**WORK INSTRUCTION:**
Repeat the data verbatim, images excluded.

**DATASET EXCERPT:**

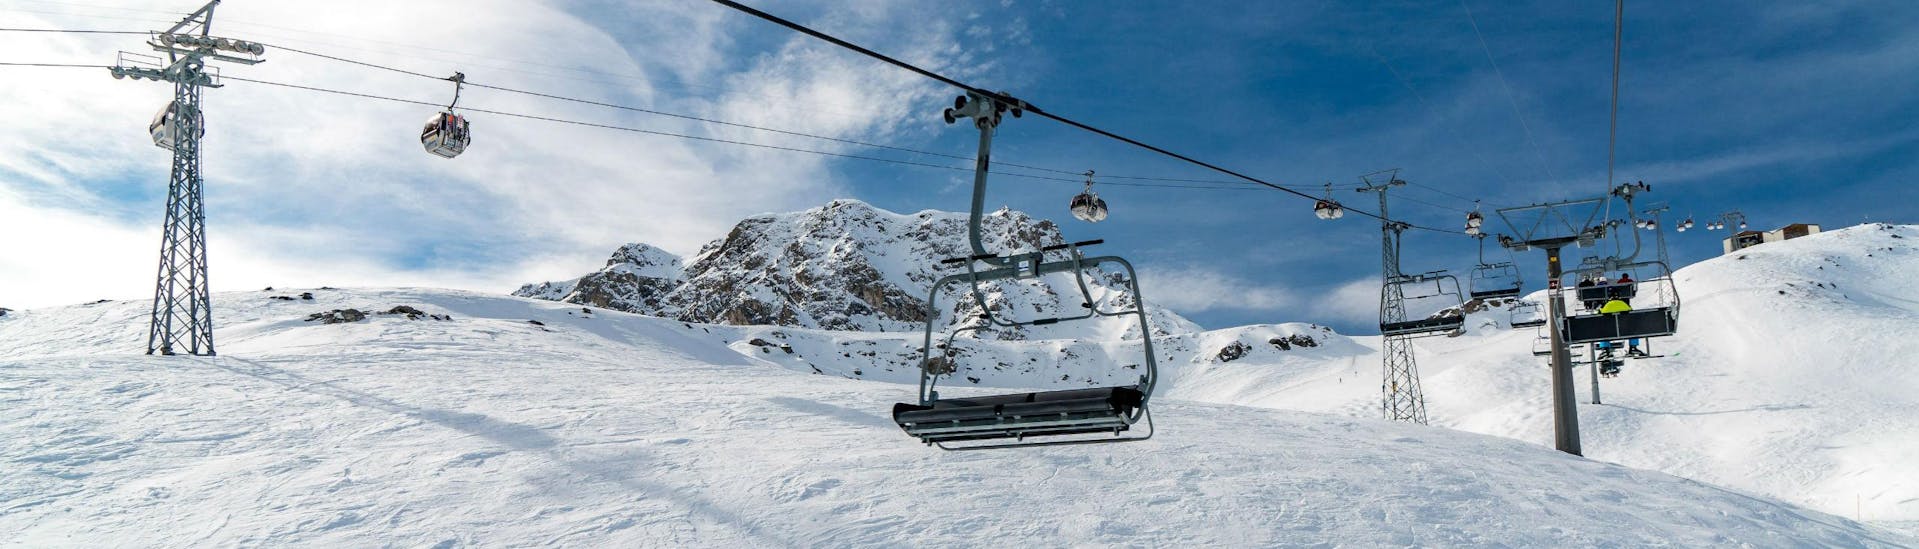 Ein Bild eines Sessellifts und einer Gondel im schweizerischen Skigebiet Arosa im Kanton Graubünden, wo örtliche Skischulen ihre Skikurse für Besucher, die das Skifahren lernen wollen, anbieten.
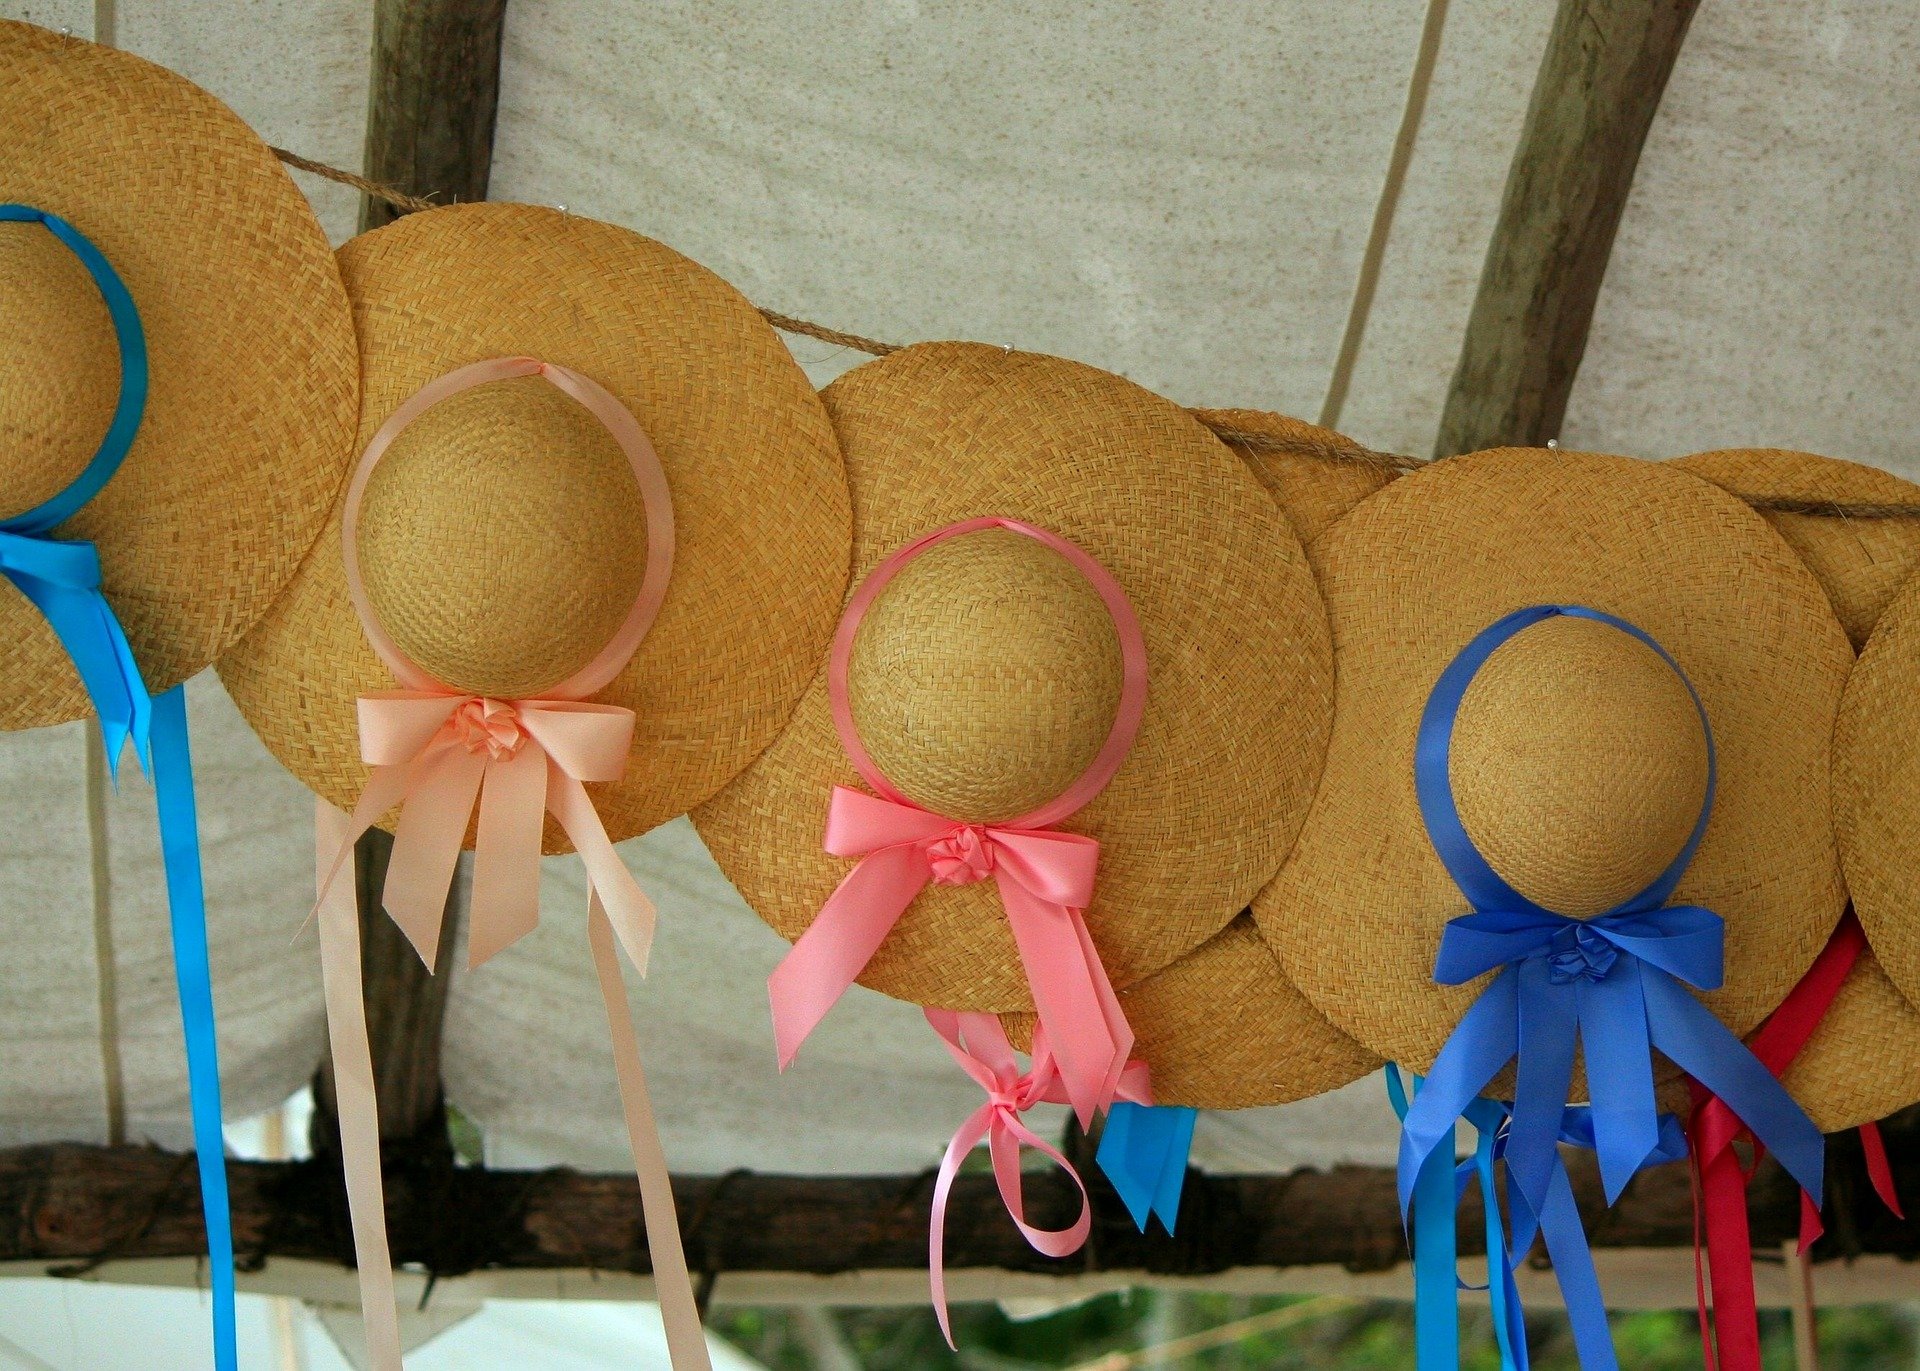 più cappelli femminili di paglia con fiocchi blu e rosa appesi
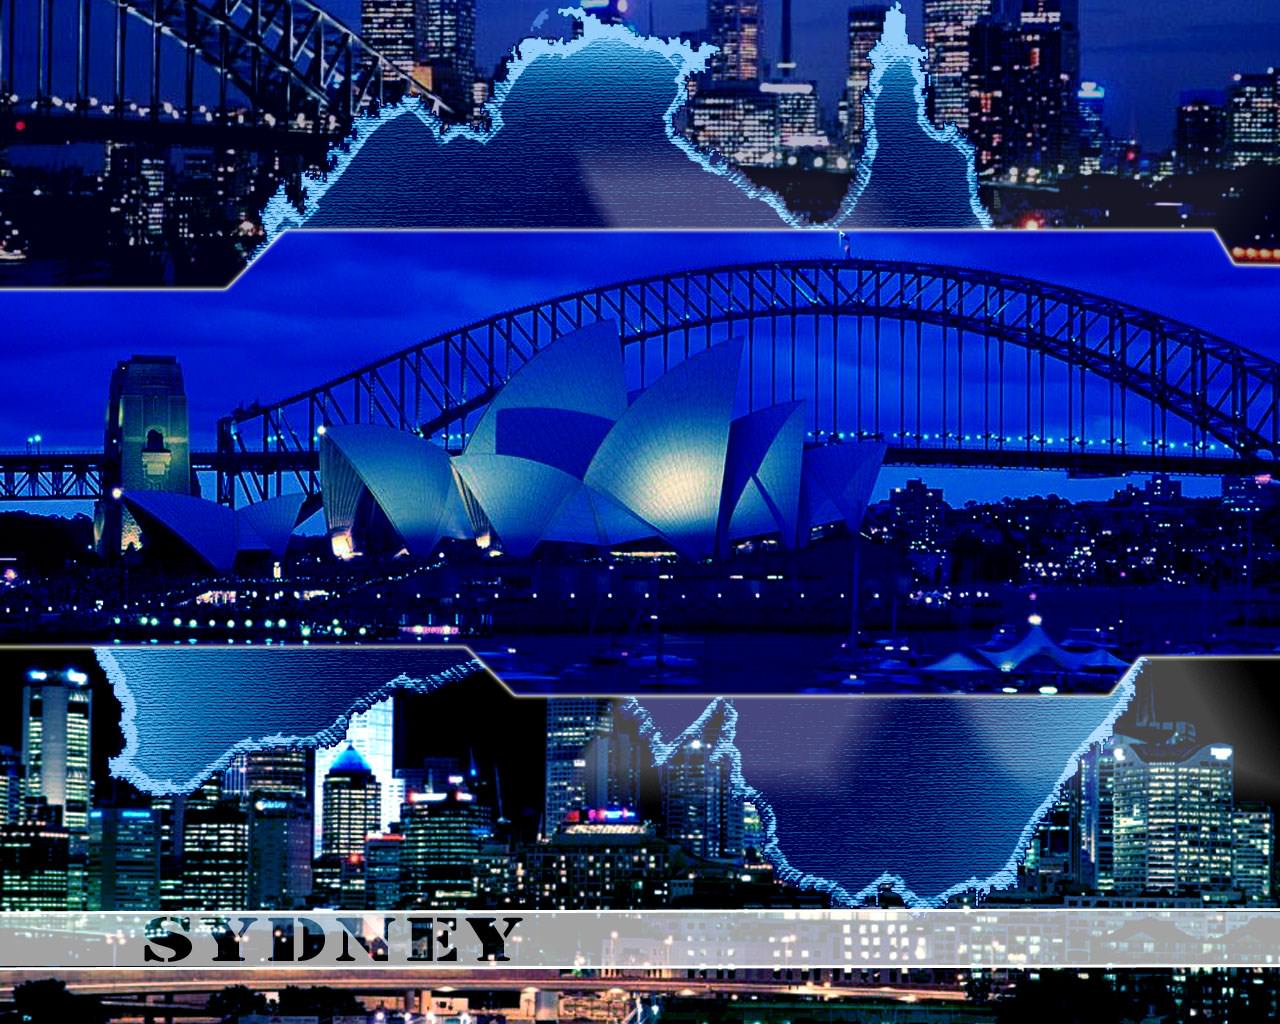 Sydney Sydney

**ANSWER TO THIS PROBLEM:**
 Ein Bild eines Sessellifts und einer Gondel im schweizerischen Skigebiet Arosa im Kanton Graubünden, wo örtliche Skischulen ihre Skikurse für Besucher, die das Skifahren lernen wollen, anbieten.
 più cappelli femminili di paglia con fiocchi blu e rosa appesi
 Sydney Sydney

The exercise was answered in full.